- _Brief_:
Transcribe, word for word, only the lines from the one containing "Horas, minutos y" through the end of the material below. Pictures stay out.
[Information supplied]
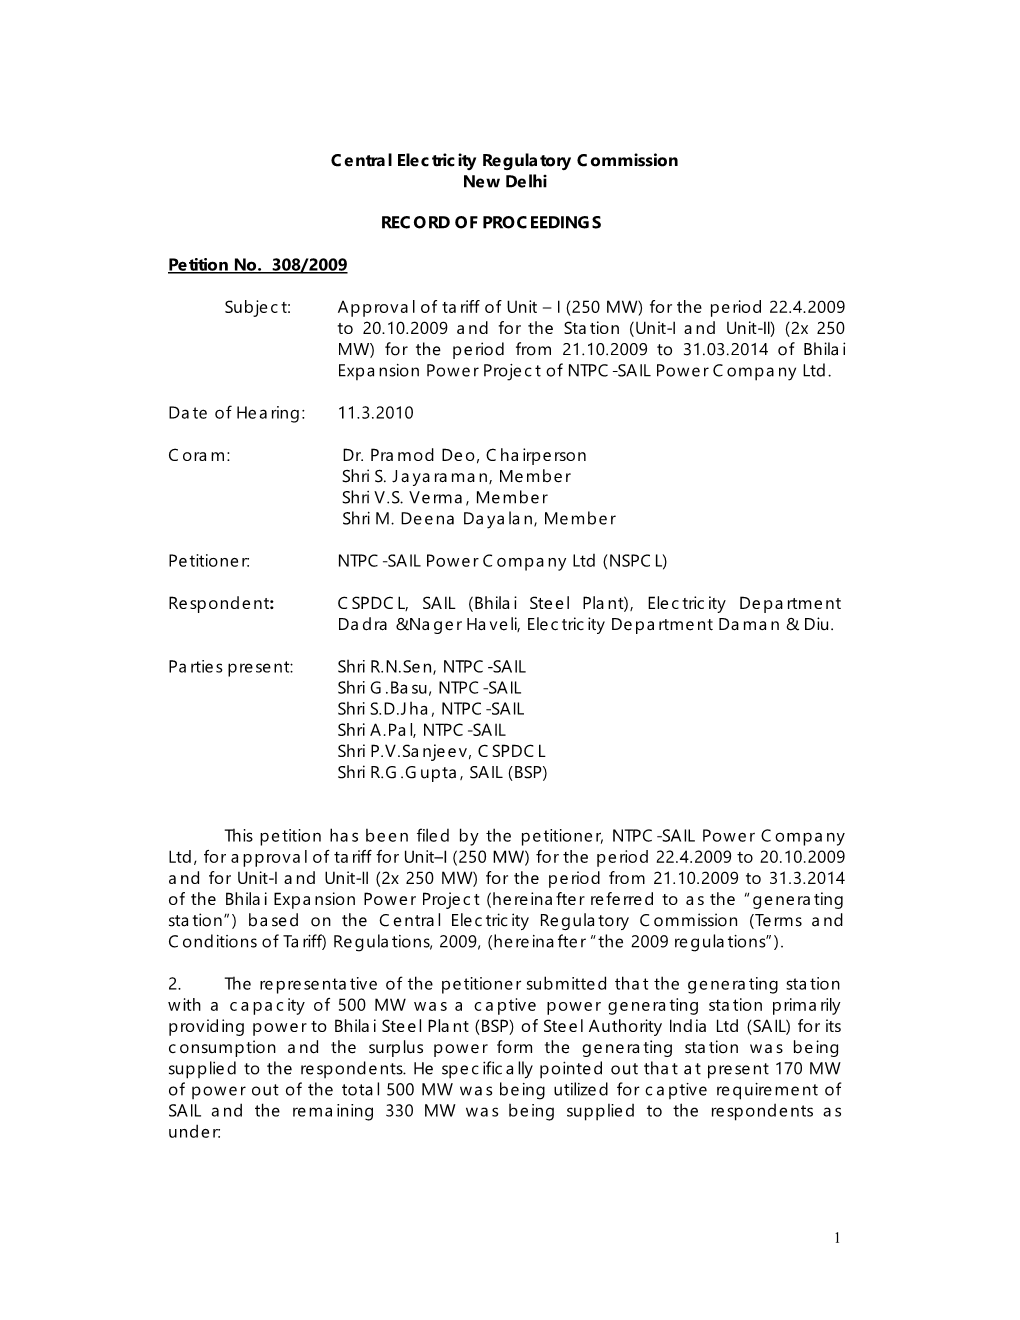 Central Electricity Regulatory Commission New Delhi RECORD
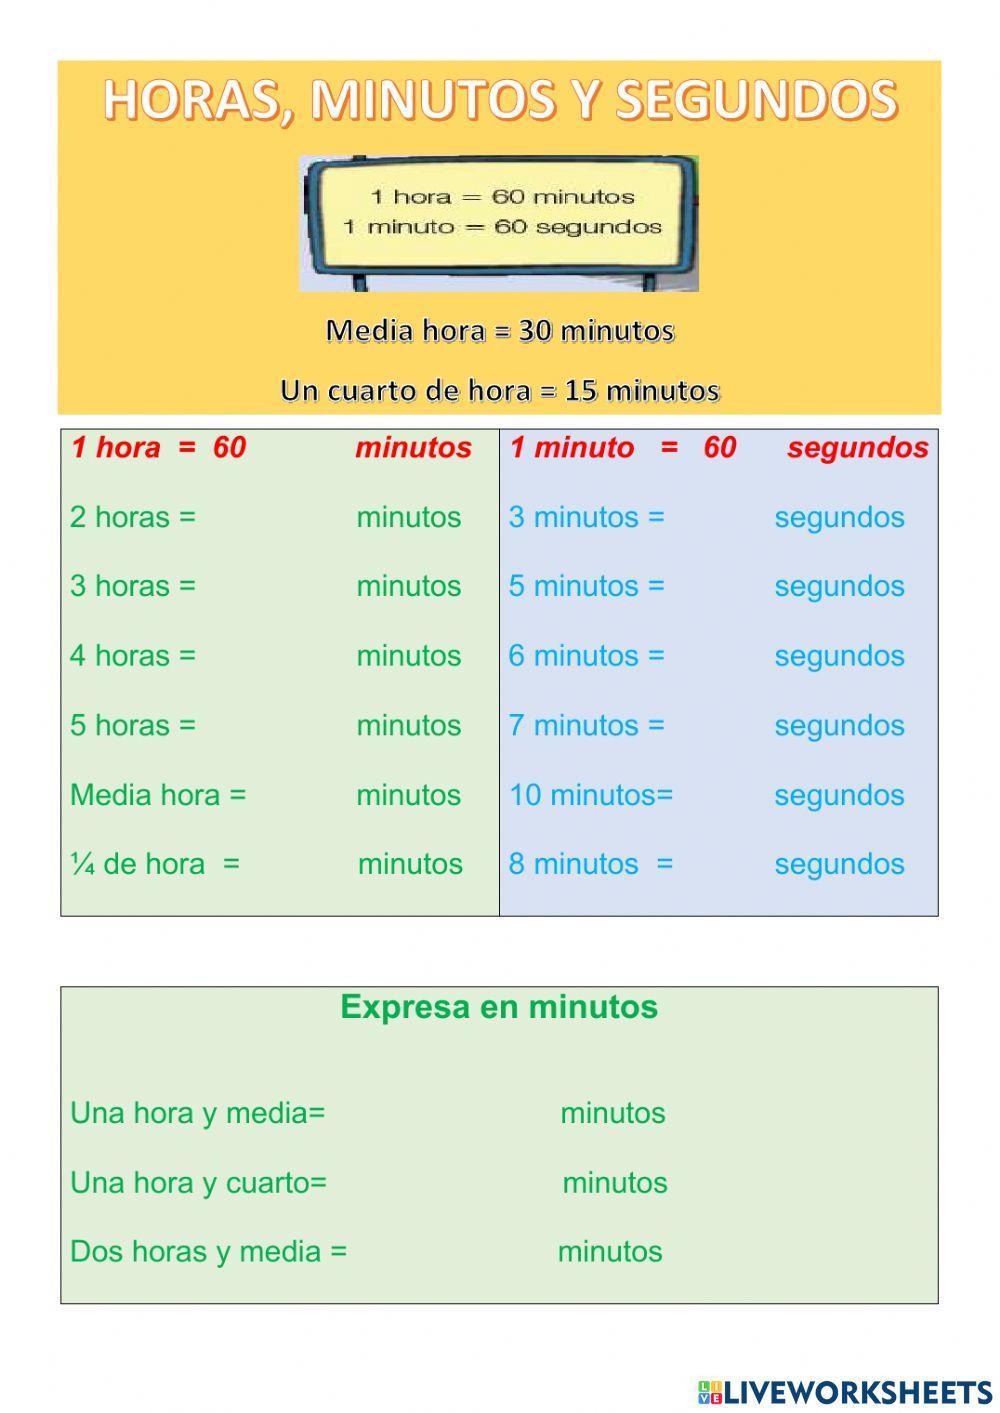 Horas, minutos y segundos online exercise for
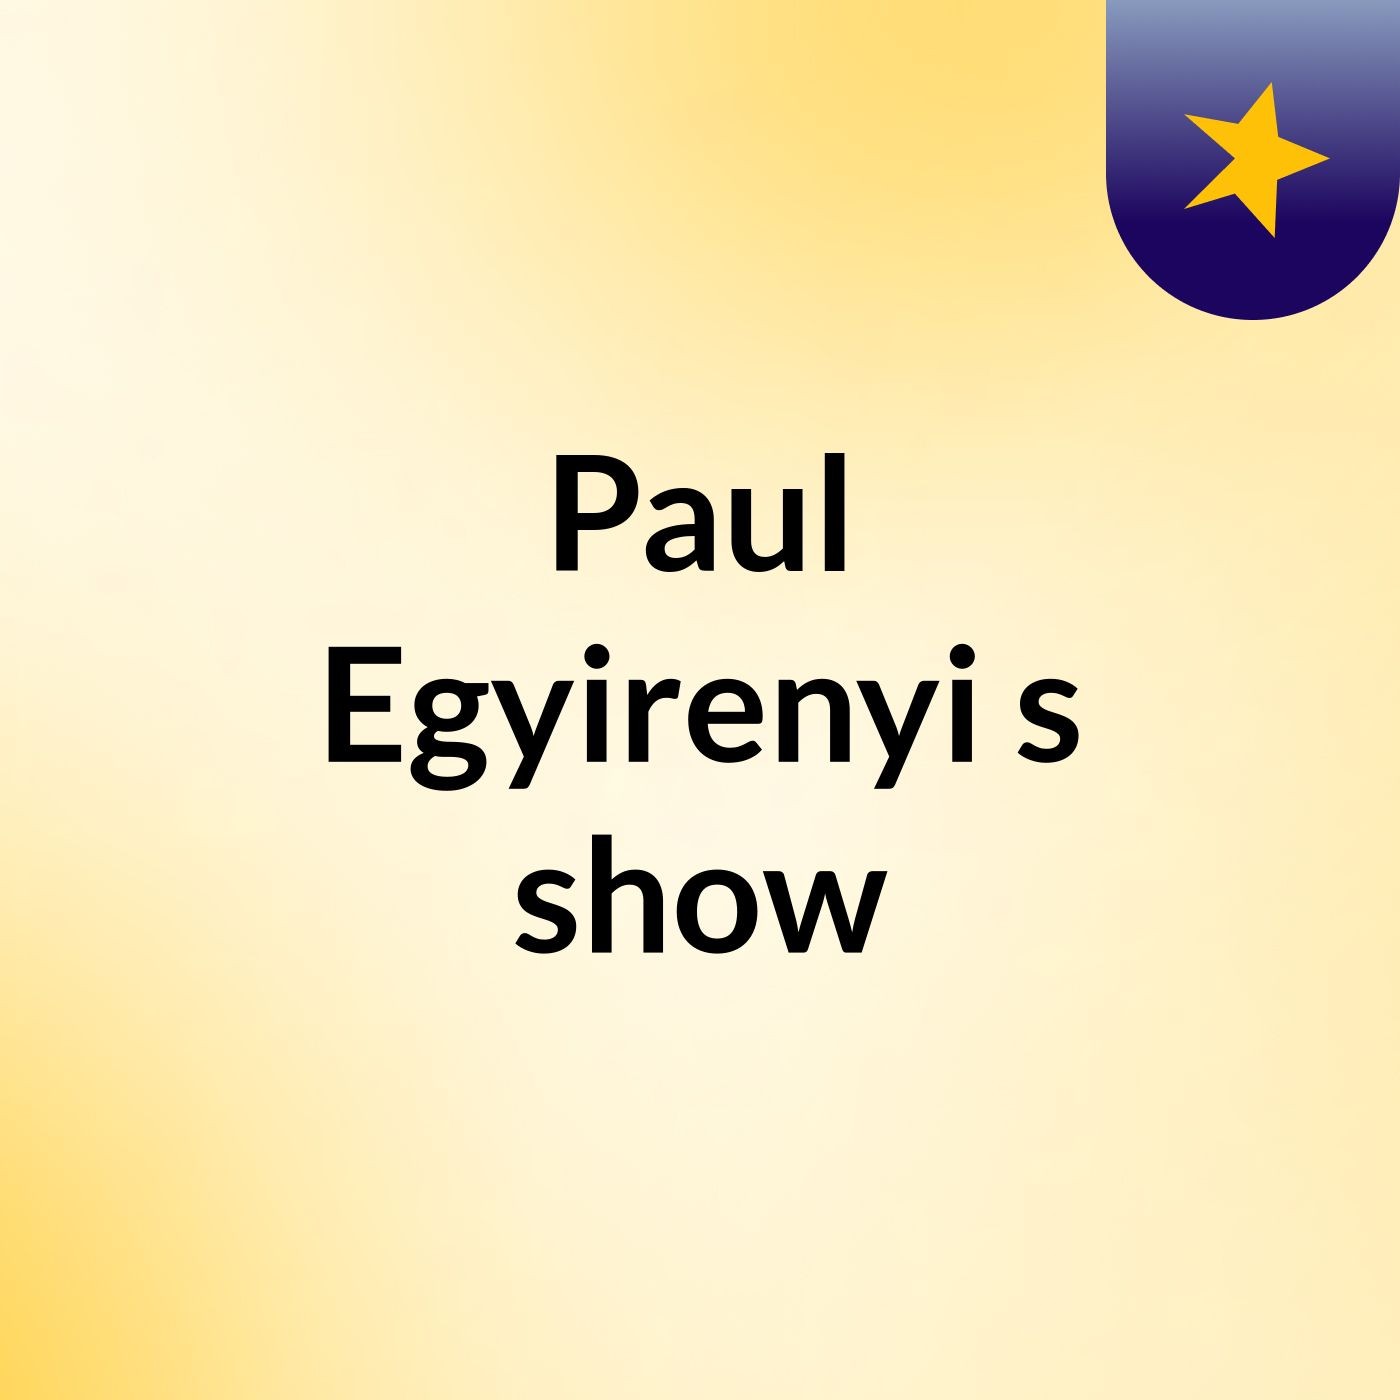 Paul Egyirenyi's show
[/Information supplied]
- _Response to the task_:
 Horas, minutos y segundos online exercise for
 Paul Egyirenyi's show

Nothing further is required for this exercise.